**AIM OF THE TASK**
Whenever an image turns up, omit it and return the remaining data exactly.

*** DATA BELOW ***

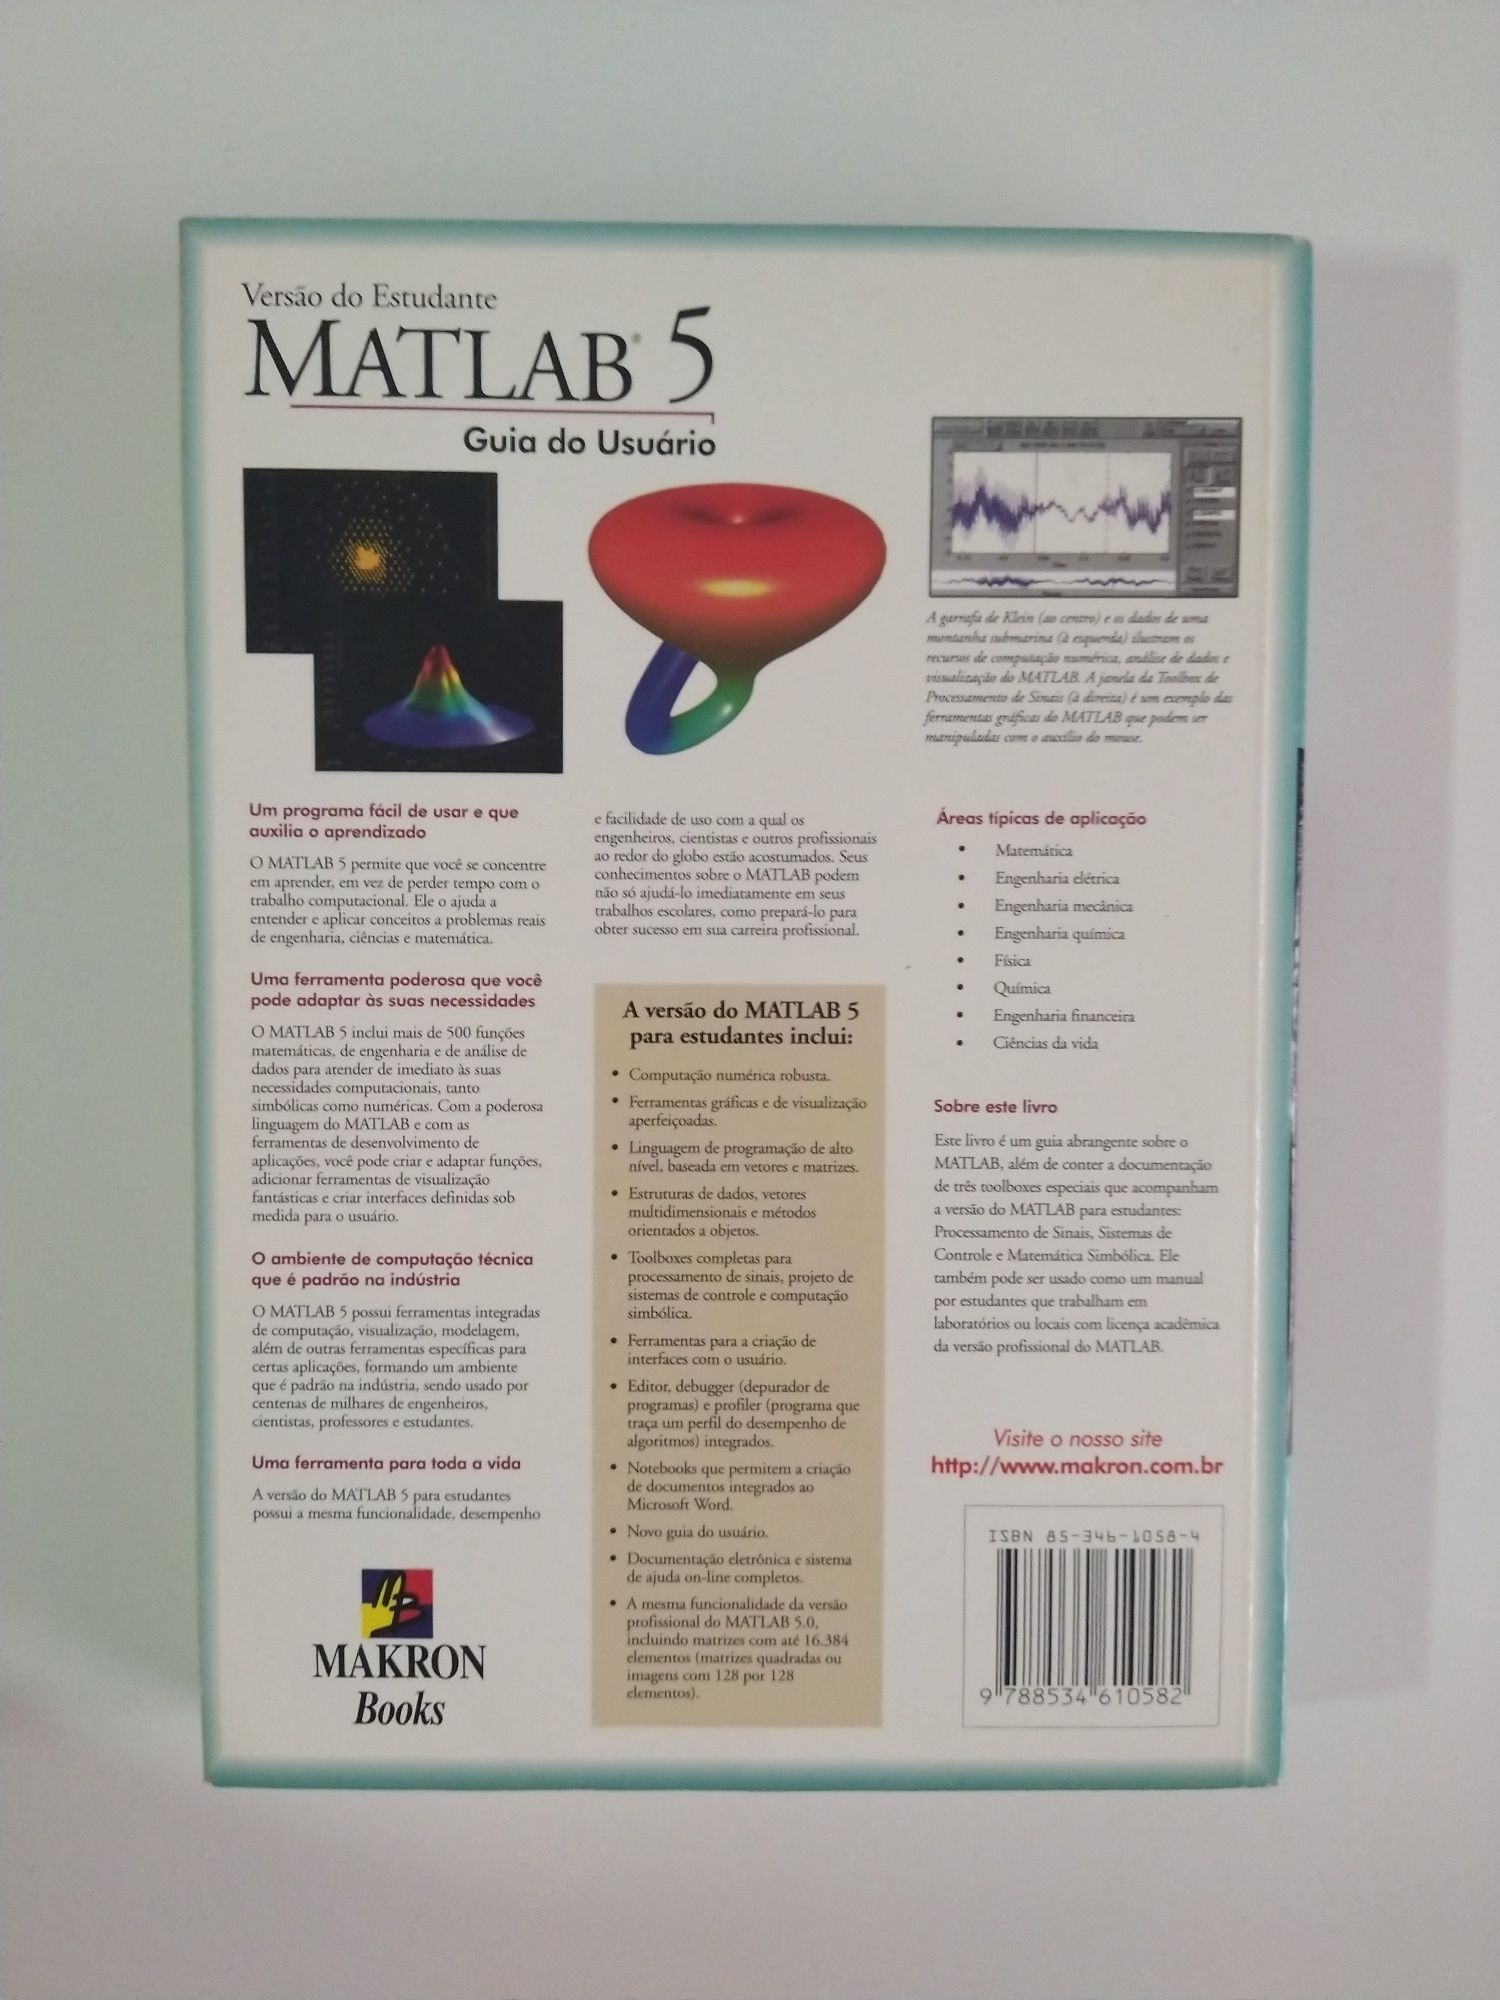 Livro Matlab 5, versão do estudante, de Duane Hanselman
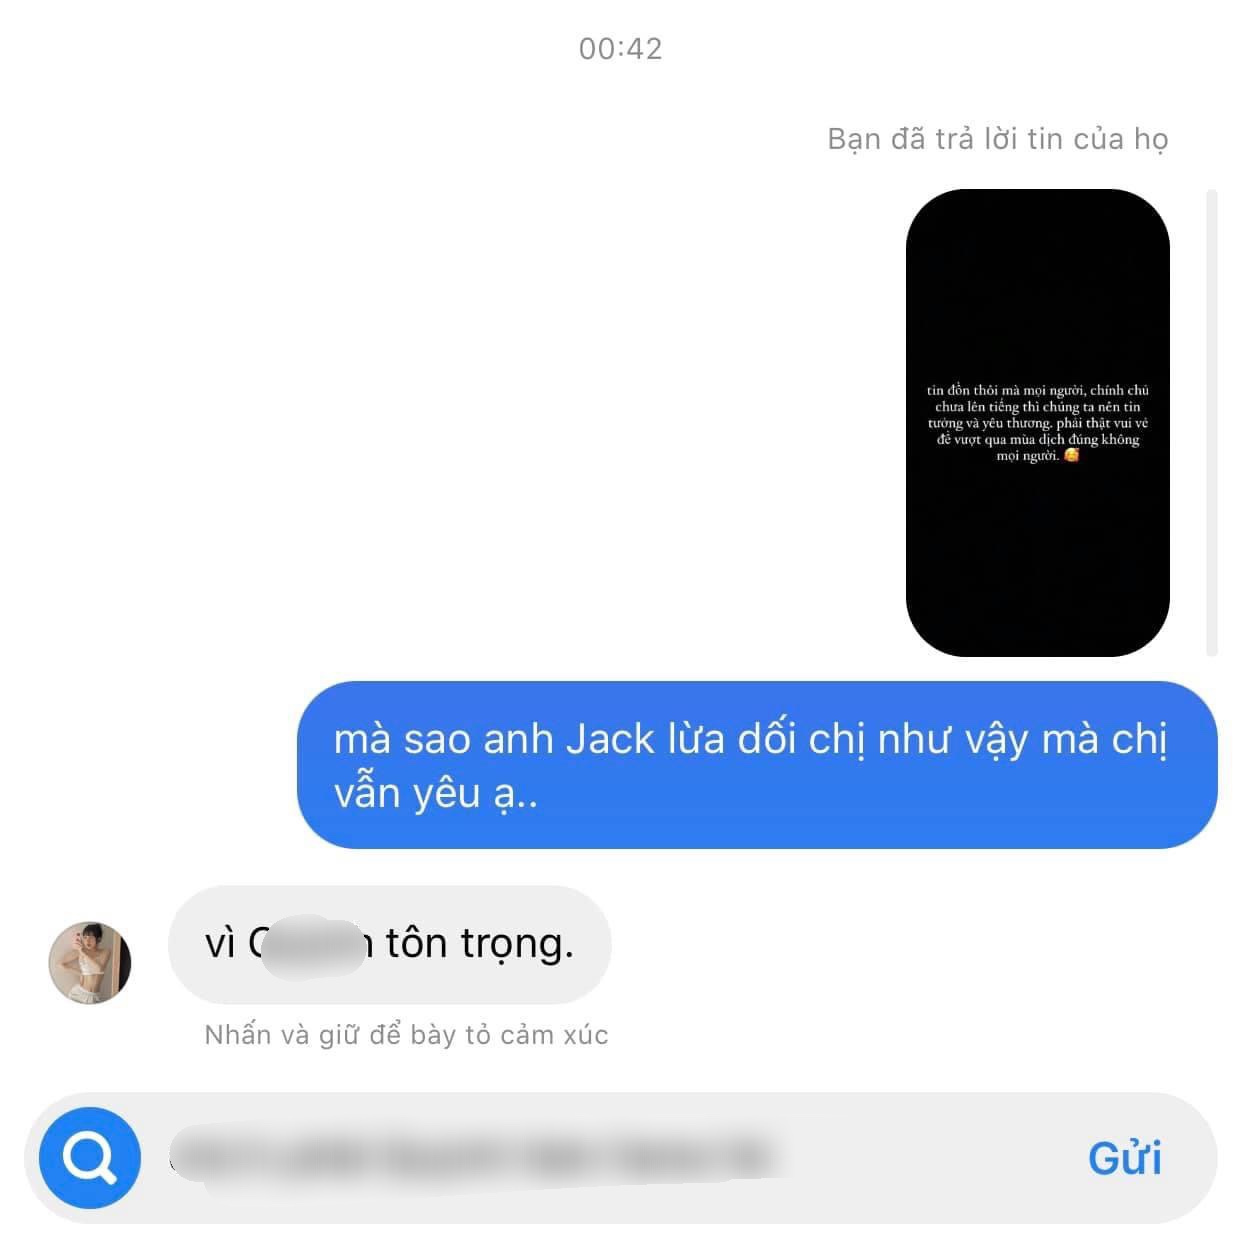 Q.T.L thừa nhận mối quan hệ với Jack
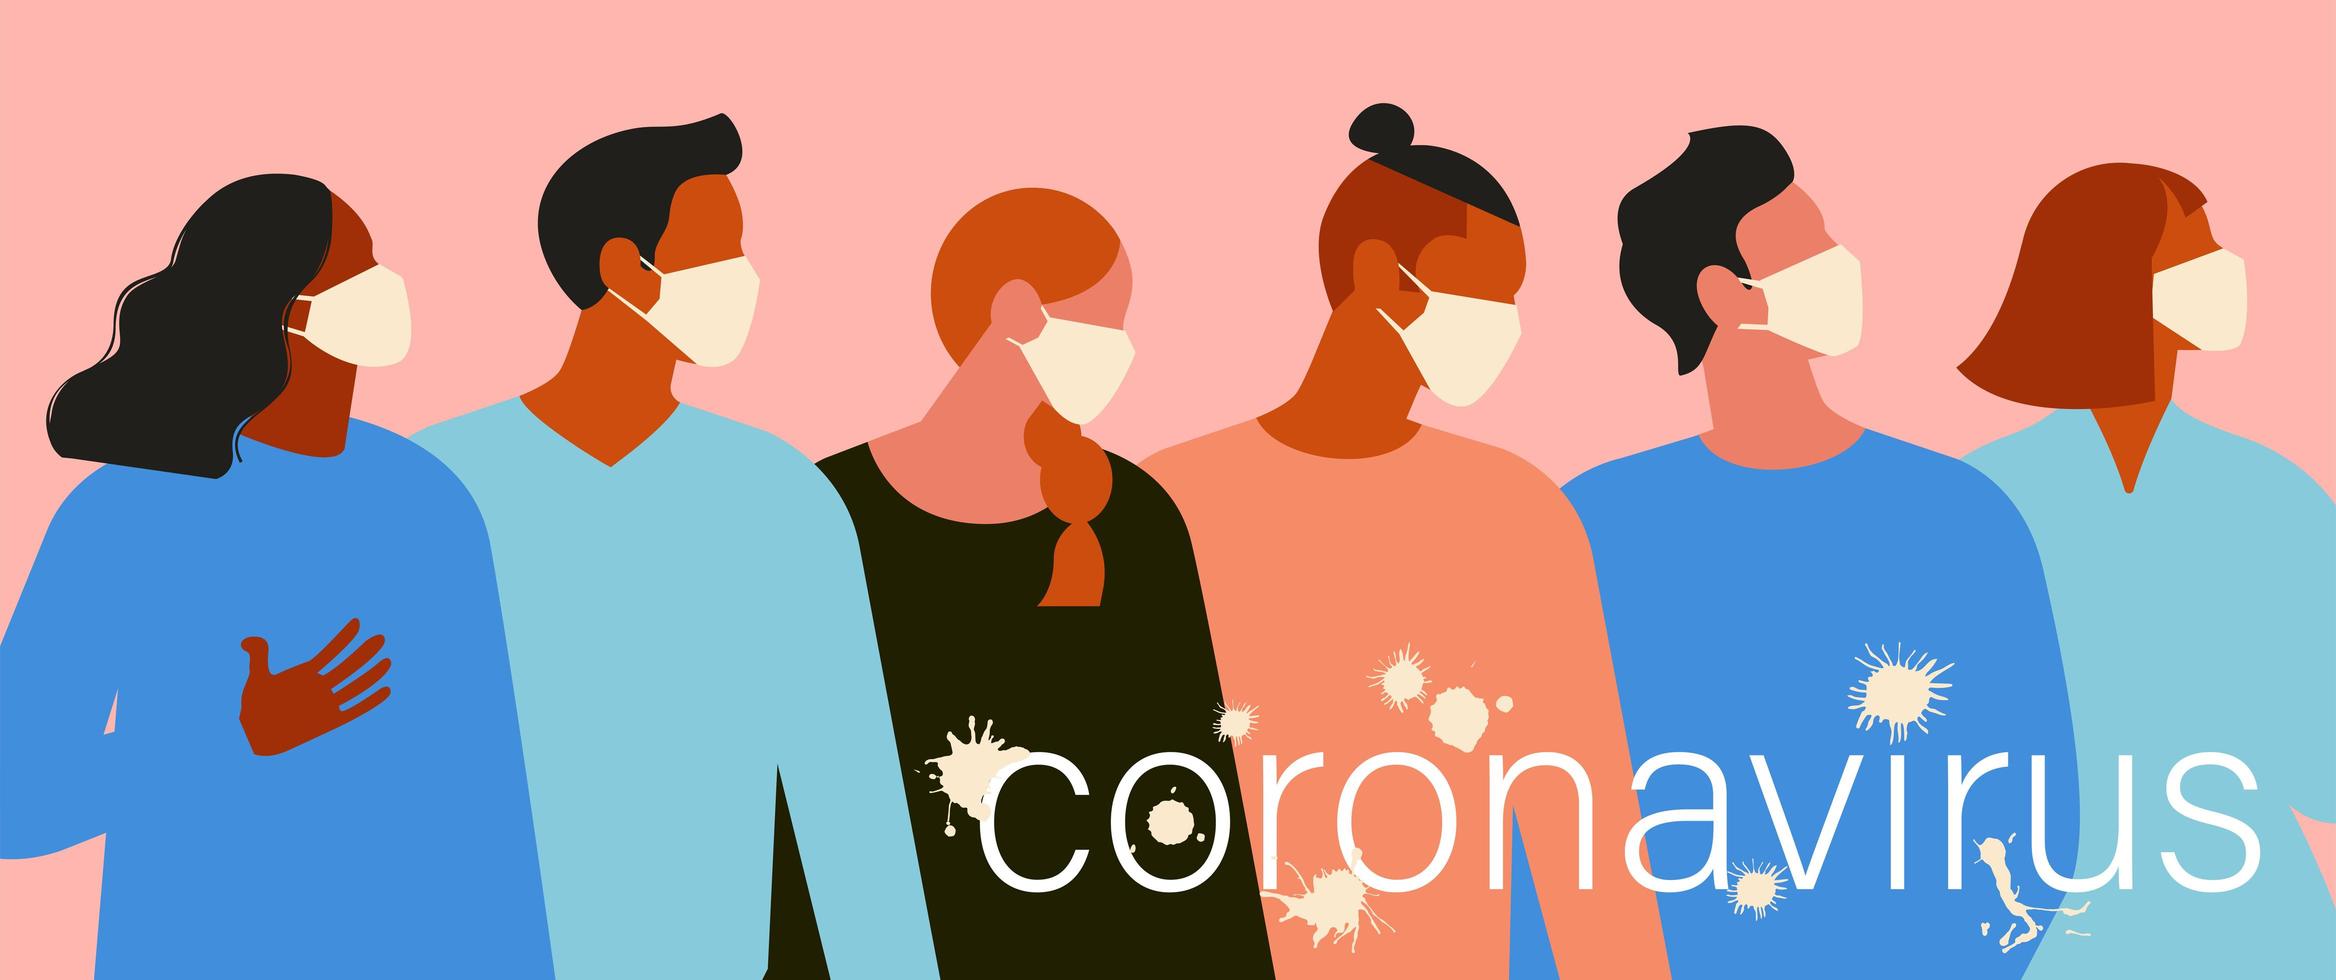 nuovo coronavirus 2019 ncov, donne e uomini con maschera facciale medica. concetto di quarantena del coronavirus. il virus è come le macchie. illustrazione vettoriale. vettore

*** End of DATA BELOW ***

**WRITTEN ANSWER**
 Livro Matlab 5, versão do estudante, de Duane Hanselman
 Q.T.L thừa nhận mối quan hệ với Jack
 nuovo coronavirus 2019 ncov, donne e uomini con maschera facciale medica. concetto di quarantena del coronavirus. il virus è come le macchie. illustrazione vettoriale. vettore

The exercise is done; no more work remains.